Я скатился в лощинку. Михеев уже был там, при своей книжке, и телефонист крутил ручку, и по лицу телефониста я всё увидел раньше, чем он сказал.
— Молчит, вашбродие. Сосед молчит. И направо молчит, к Прошке.
— Провод?
— Не знаю. Может, провод. Может, и нет уже кому отвечать.
Я поднялся на бровку. Видный брод перед нами был пуст. За коленом били по Ремизову. Значит, Сибиряк не ошибся: германец вошёл в шов, а мы остались каждый при своём берегу.

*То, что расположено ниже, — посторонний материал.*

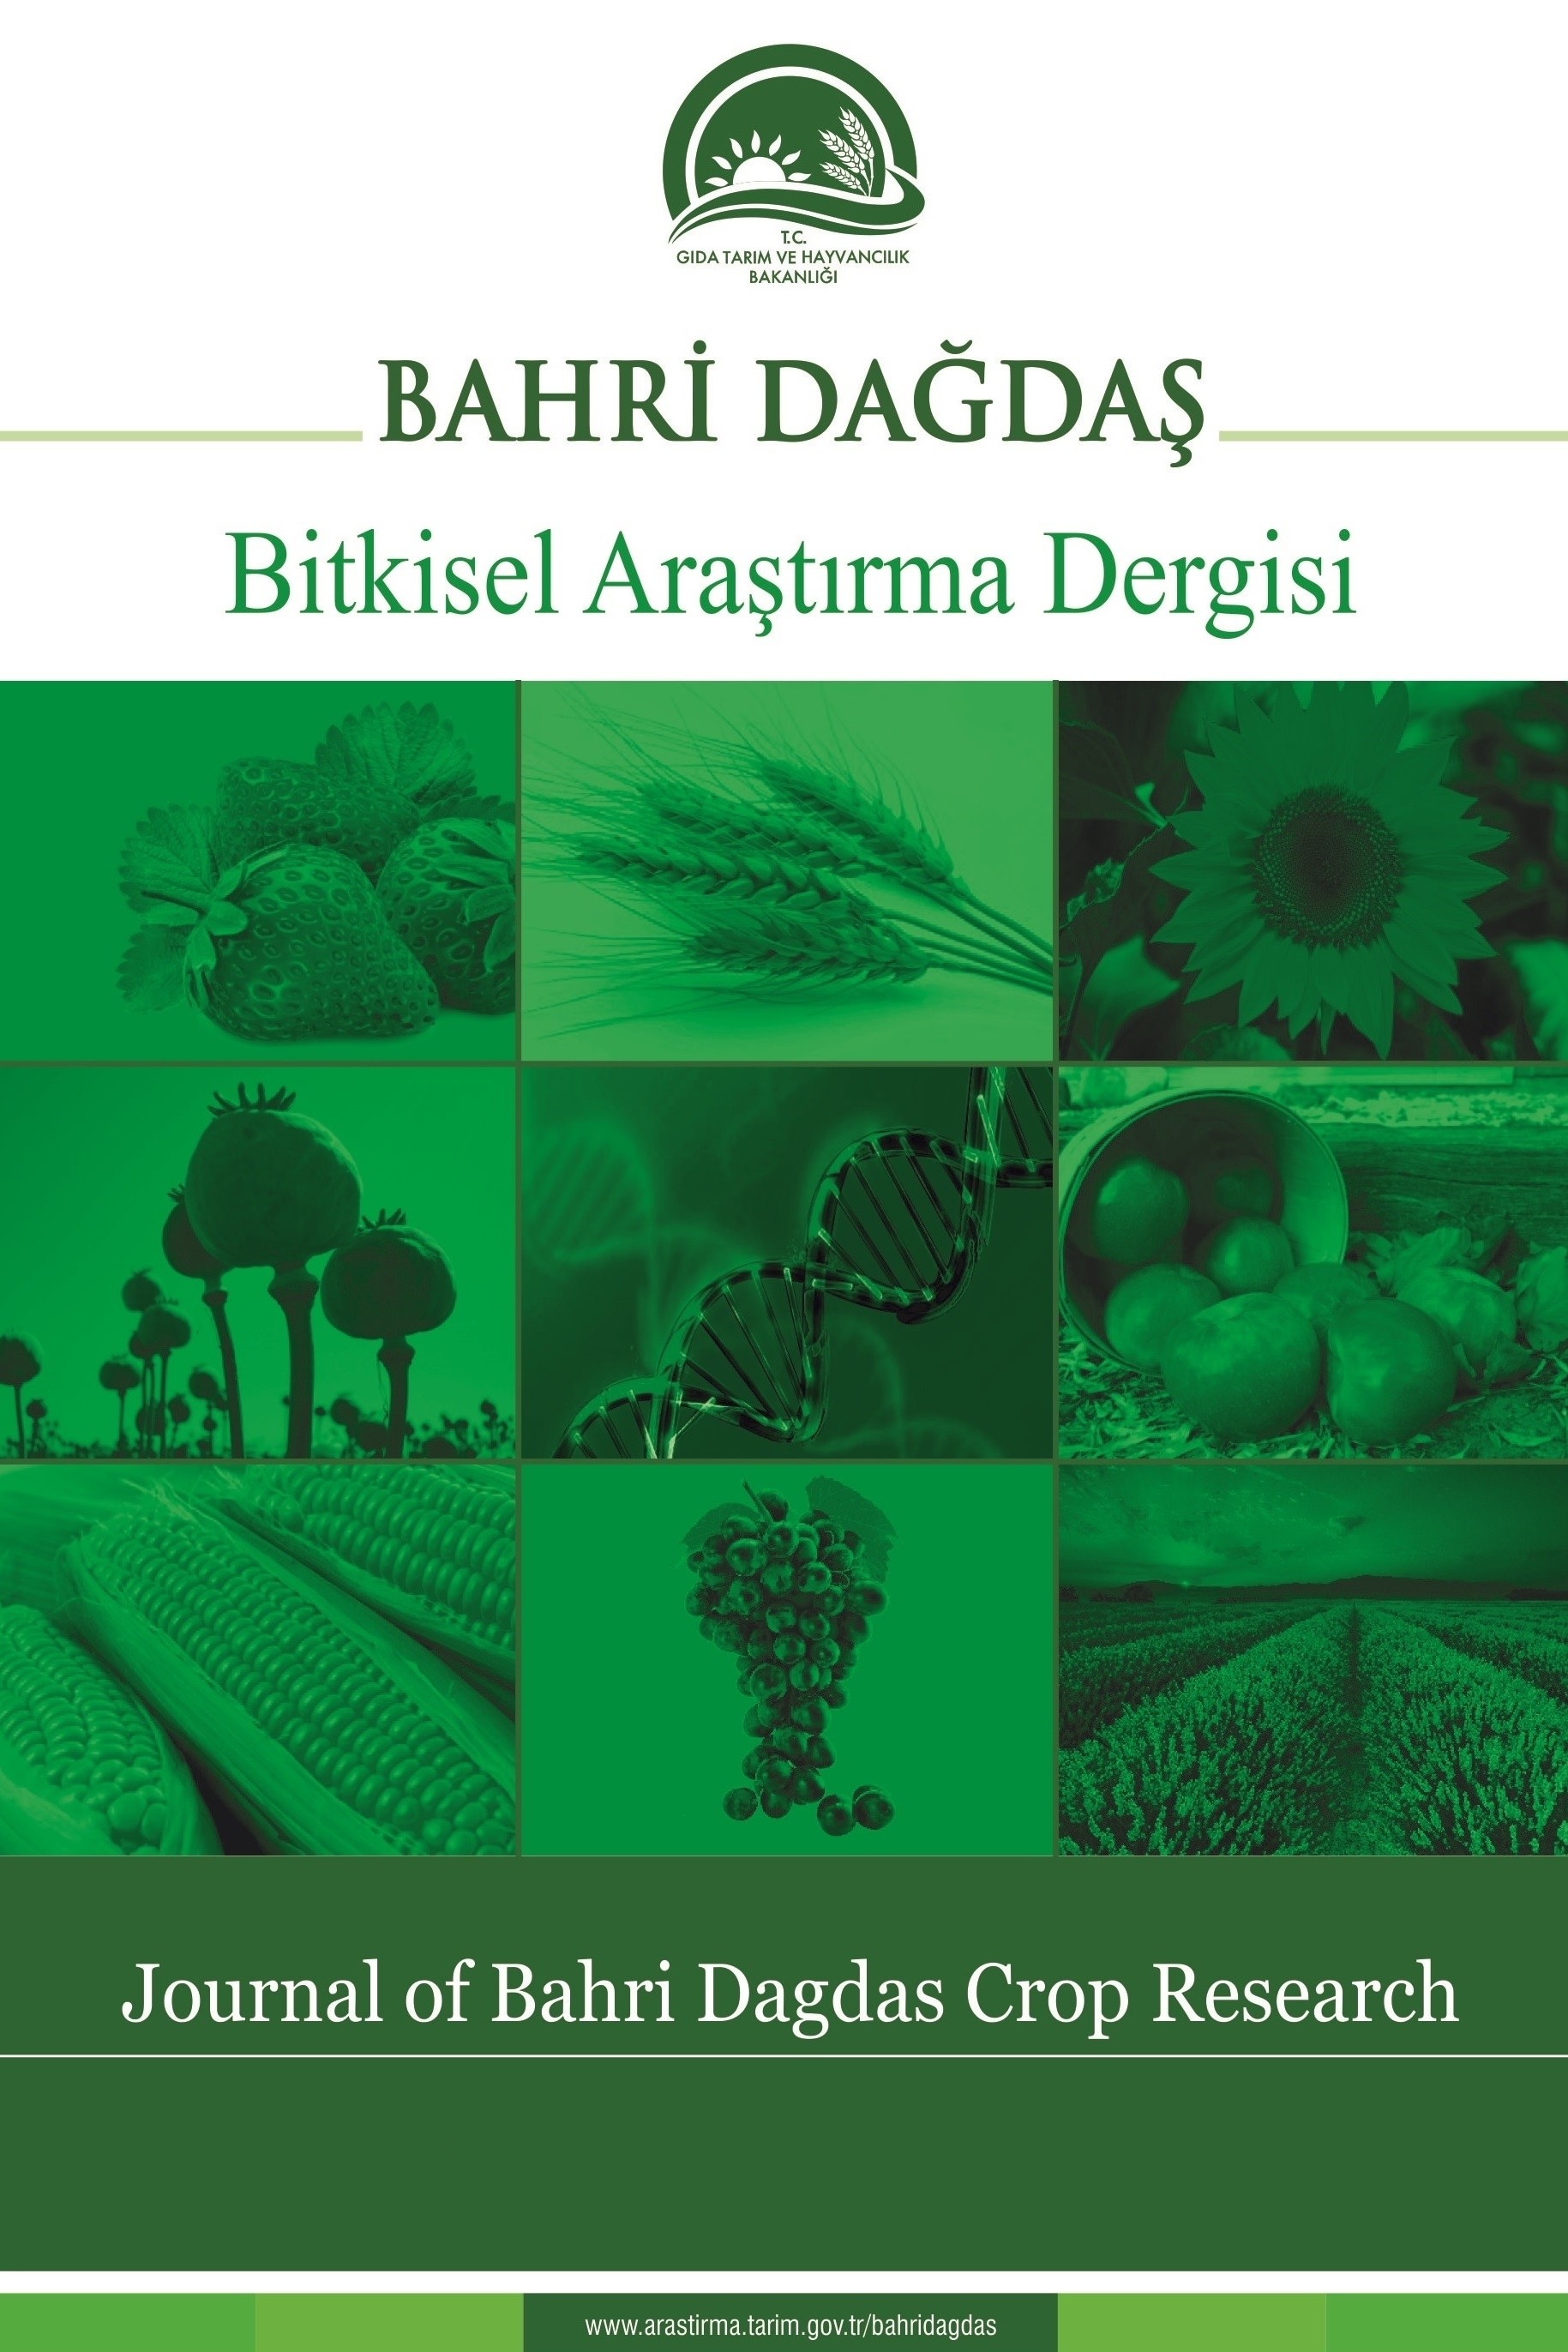 Bahri Dağdaş Bitkisel Araştırma Dergisi-Cover

Я послал к Прошке — и к Зотову послал. И велел передать на оба края одно, короткое, в три слова, чтоб дошло, даже если посыльного убьют на полдороге и слово доскажет уже другой:
— Бить в упор. Патроны считать.
Больше сказать было нечего. Патронов на брата было по столько, что стрелять на выбор, по-охотничьи, мы могли ровно до тех пор, пока германец не подойдёт близко. А близко он подойдёт нескоро. Сперва раскатает соседа. Потом возьмётся за пустой шов. А к нам, в лоб, через реку, пойдёт последним — если вообще пойдёт. И всё это время мои будут сидеть под чужим огнём, отсчитывая свои патроны.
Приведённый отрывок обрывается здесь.